WHAT IS EXPECTED: For the listing below, the answer is an exact retyping of the lines from the one with "台中市校园之爱学生志工运动联盟协会" through the one with "Pantaloni Cargo Plus", both included, without pictures.

THE RECORDS:
********************

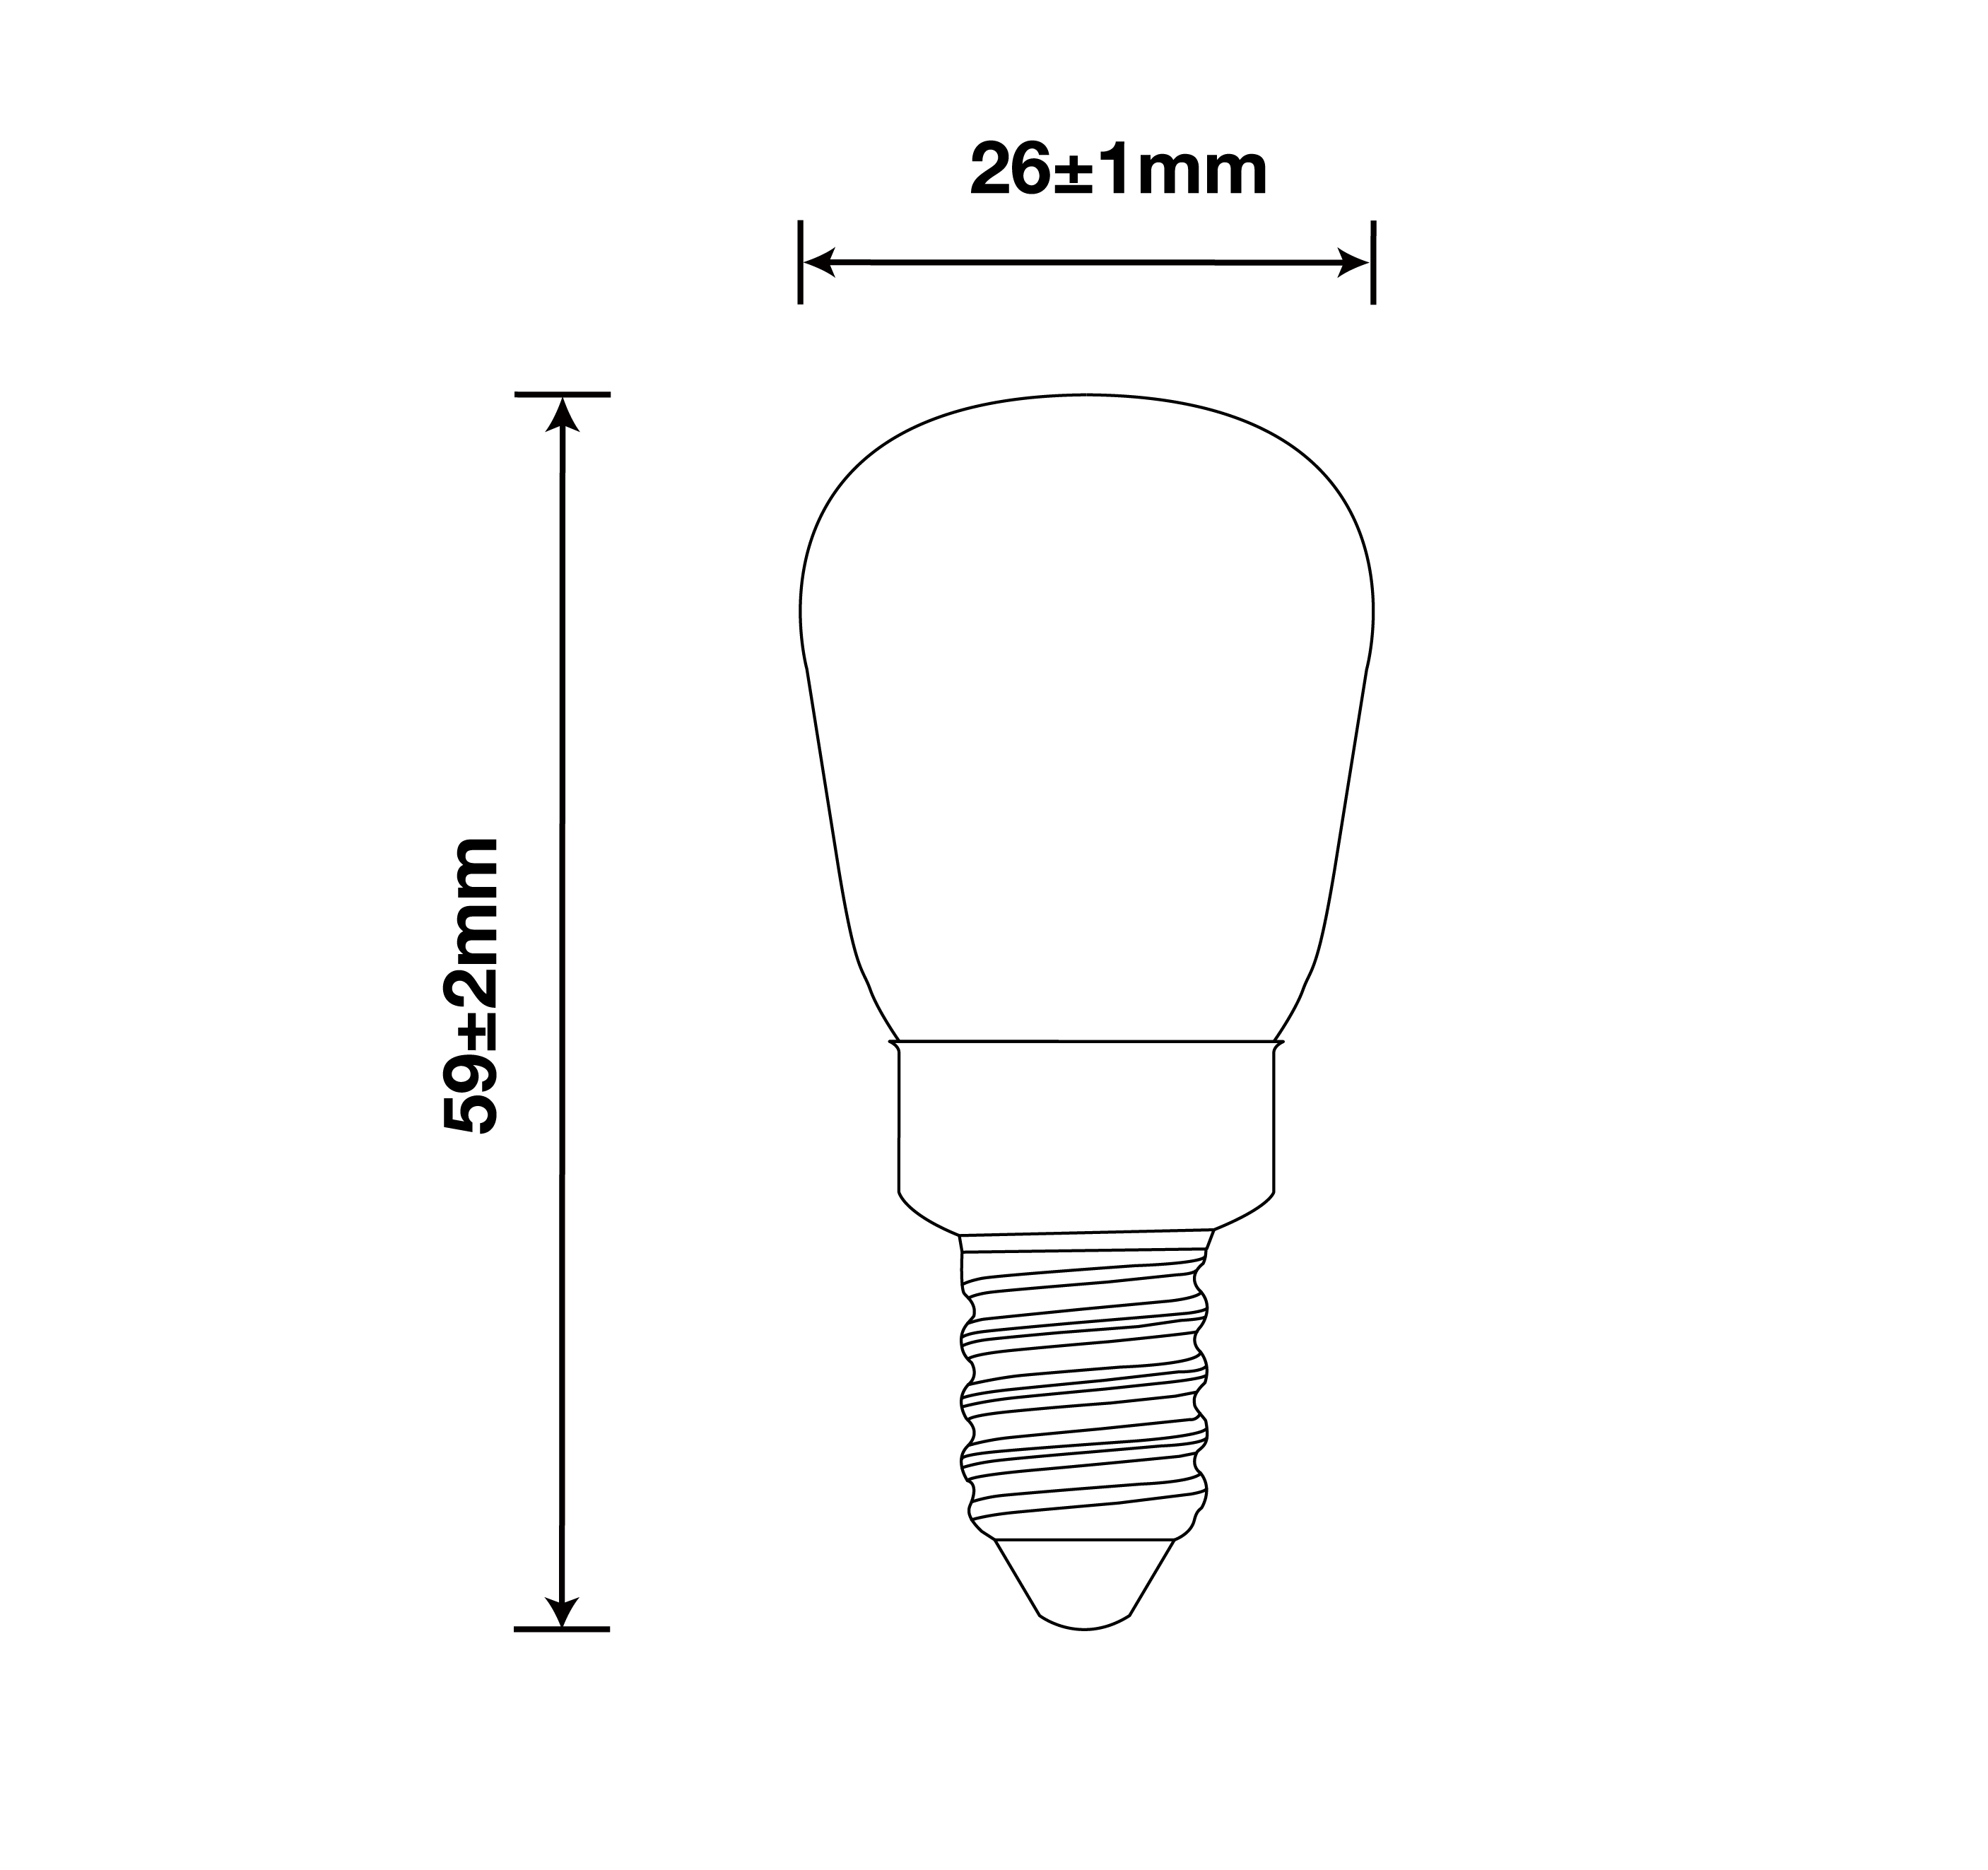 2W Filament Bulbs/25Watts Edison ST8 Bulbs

********************

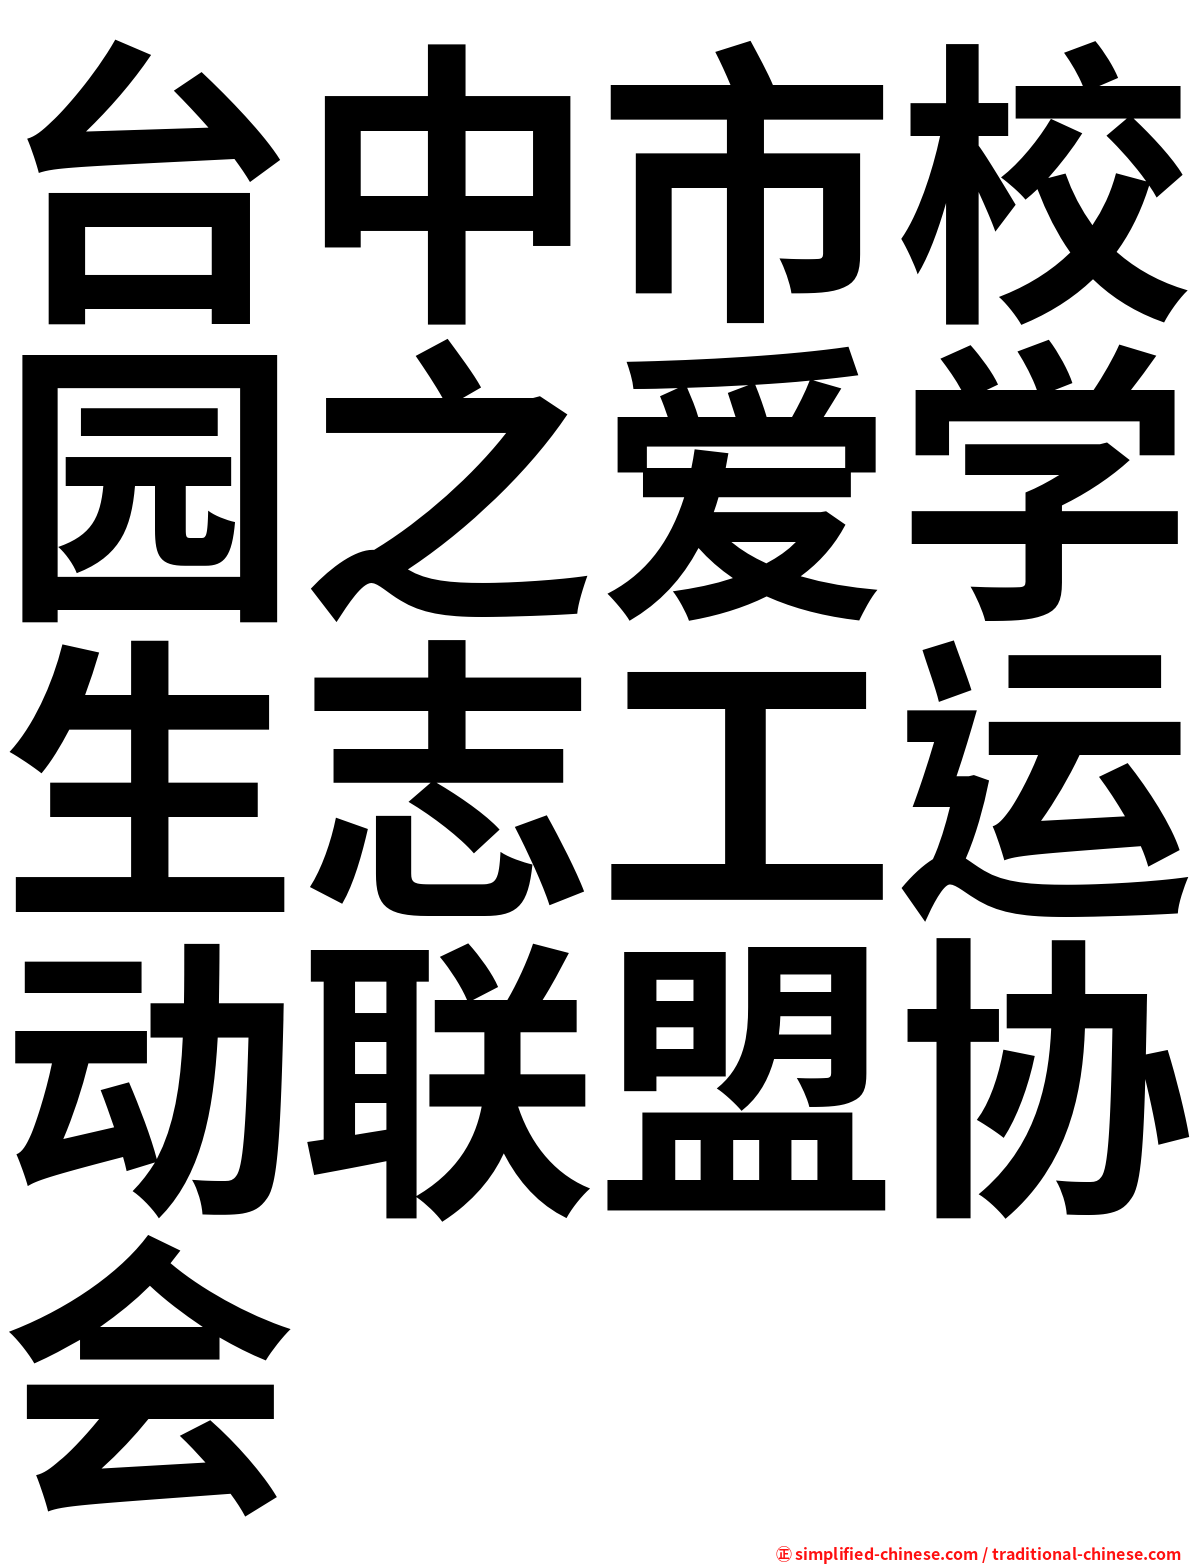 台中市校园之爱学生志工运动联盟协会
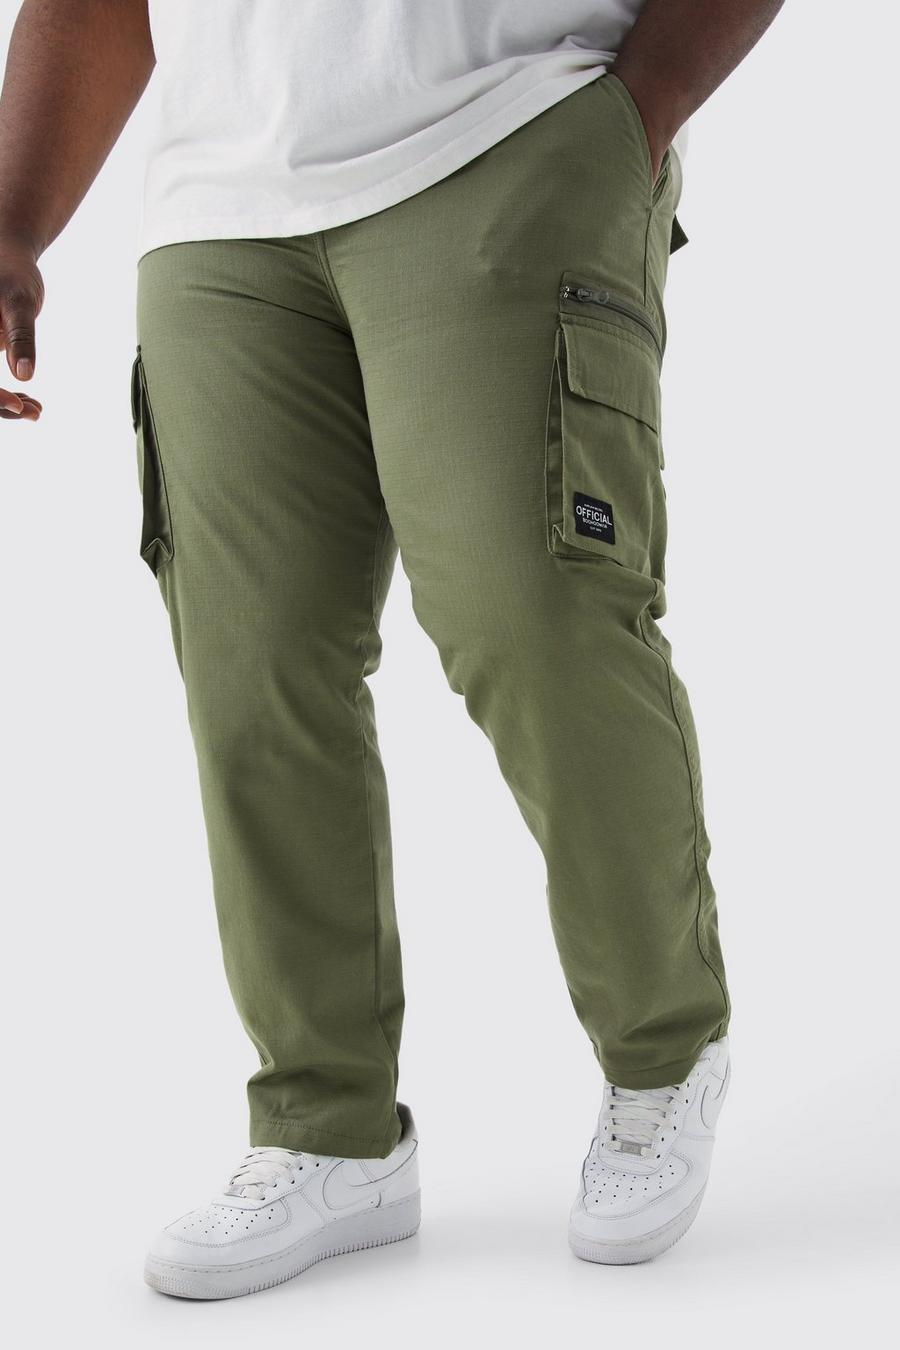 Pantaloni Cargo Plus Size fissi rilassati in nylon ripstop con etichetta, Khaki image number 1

********************

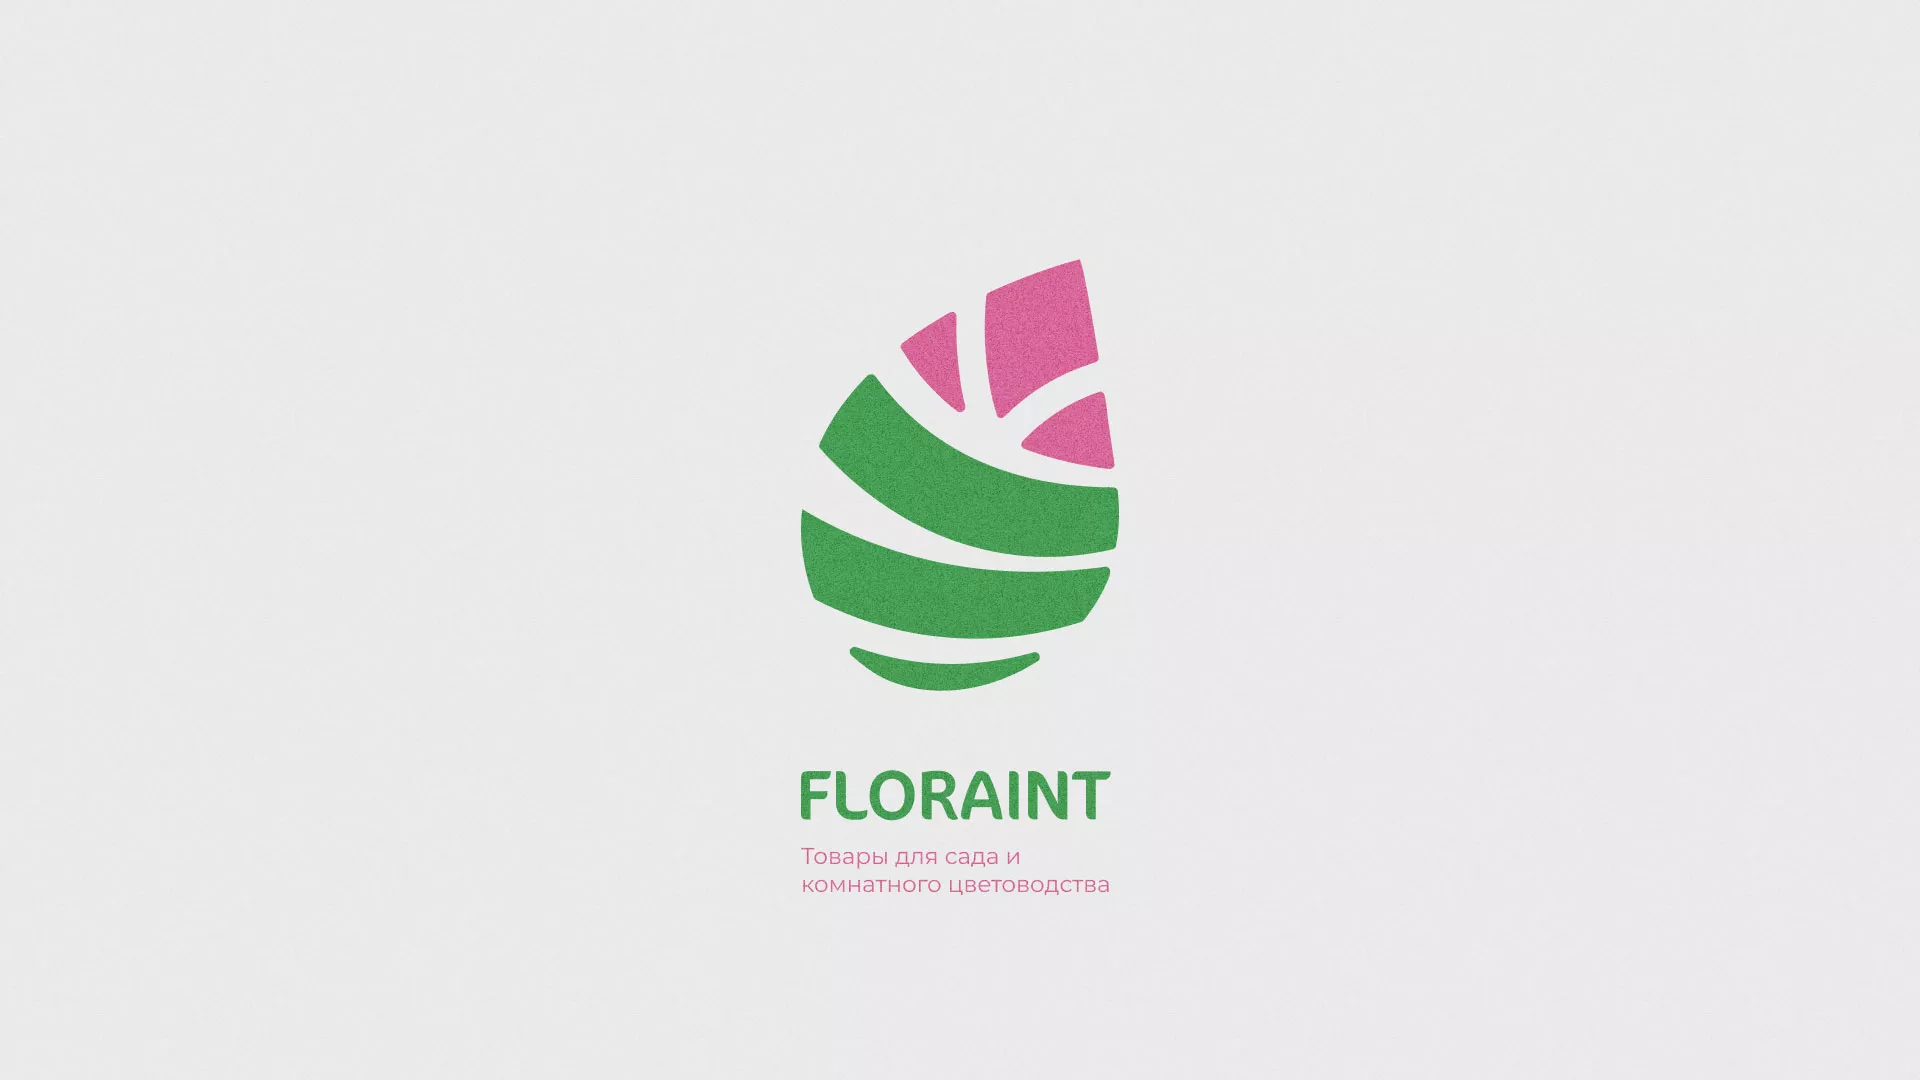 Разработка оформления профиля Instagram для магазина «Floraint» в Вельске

********************

TASK RESULT:
 台中市校园之爱学生志工运动联盟协会
 Pantaloni Cargo Plus Size fissi rilassati in nylon ripstop con etichetta, Khaki image number 1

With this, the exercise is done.